I may remark, however, by the way, that though the constant state of flux of the corporeal particles furnishes no argument against the identity of the principle which feels and thinks, if feeling and thought be states of a substance, that is essentially distinct from these changing particles, the unity and identity of this principle, amid all the corpuscular changes,—if it can truly be proved to be identical,—furnish a very strong argument, in disproof of those systems which consider thought and feeling as the result of material organization. Indeed the attempts which have been seriously made by materialists to obviate this difficulty, involve, in every respect, as much absurdity, though certainly not so much pleasantry, at least so much intentional pleasantry, as the demonstrations, which the Society of Freethinkers communicated to Martinus Scriblerus, in their letter of greeting and invitation. The arguments, which they are represented as urging in this admirable letter, ludicrous as they may seem, are truly as strong, at least, as those of which they are a parody; and indeed, in this case, where both are so like, a very little occasional change of expression is all which is necessary, to convert the grave ratiocination into the parody, and the parody into the grave ratiocination.
“The parts (say they) of an animal body,” stating the objection which they profess to answer, “are perpetually changed, and the fluids which seem to be the subject of consciousness, are in a perpetual circulation; so that the same individual particles do not remain in the brain; from whence it will follow, that the idea of individual consciousness must be constantly translated from one particle of matter to another, whereby the particle A, for example must not only be conscious, but conscious that it is the same being with the particle B that went before.

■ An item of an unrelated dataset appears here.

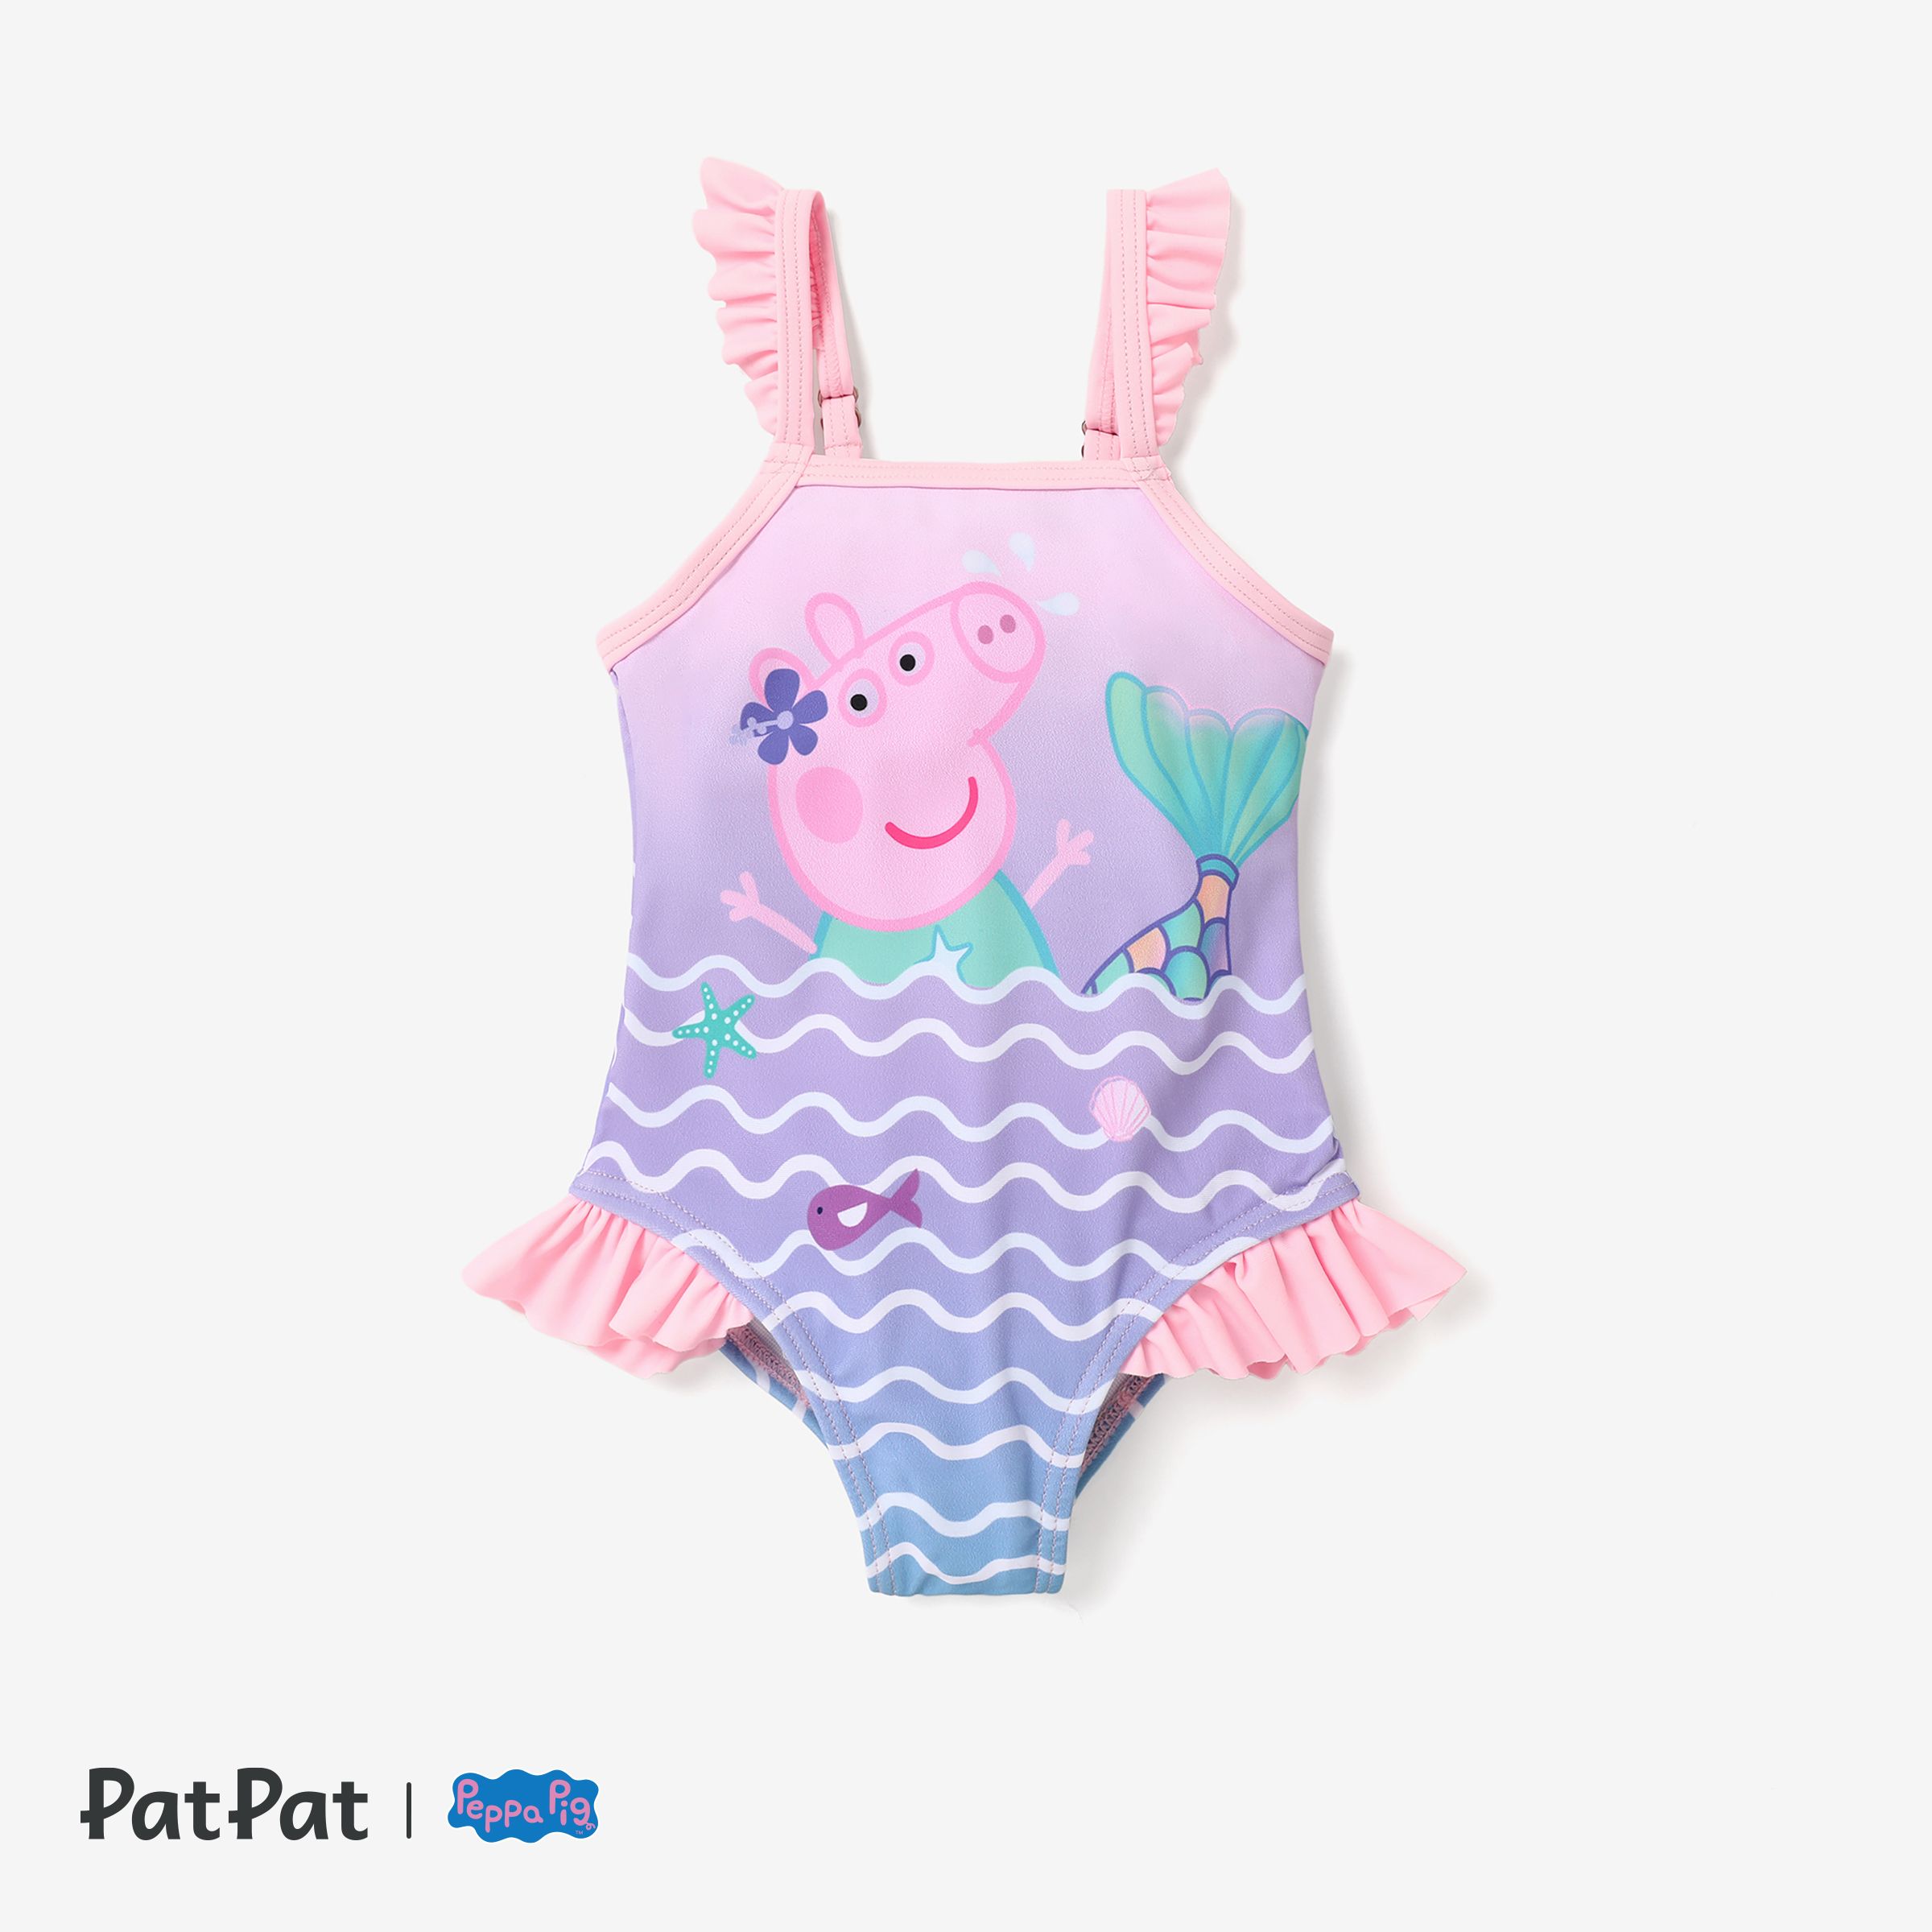 Peppa Pig Baby/Toddler Girl Ocean Mermaid Swimsuit

“We answer, this is only a fallacy of the imagination, and is to be understood in no other sense than that maxim of the English law, that the king never dies. This power of thinking, self-moving, and governing the whole machine, is communicated from every particle to its immediate successor, who, as soon as he is gone, immediately takes upon him the government, which still preserves the unity of the whole system.
“They make a great noise about this individuality, how a man is conscious to himself that he is the same individual he was twenty years ago, notwithstanding the flux state of the particles of matter that compose his body. We think this is capable of a very plain answer, and may be easily illustrated by a familiar example.
“Sir John Cutler had a pair of black worsted stockings, which his maid darned so often with silk, that they became at last a pair of silk stockings. Now supposing those stockings of Sir John's endued with some degree of consciousness at every particular darning, they would have been sensible, that they were the same individual pair of stockings both before and after the darning; and this sensation would have continued in them through all the succession of darnings; and yet after the last of all, there was not perhaps one thread left of the first pair of stockings; but they were grown to be silk stockings, as was said before.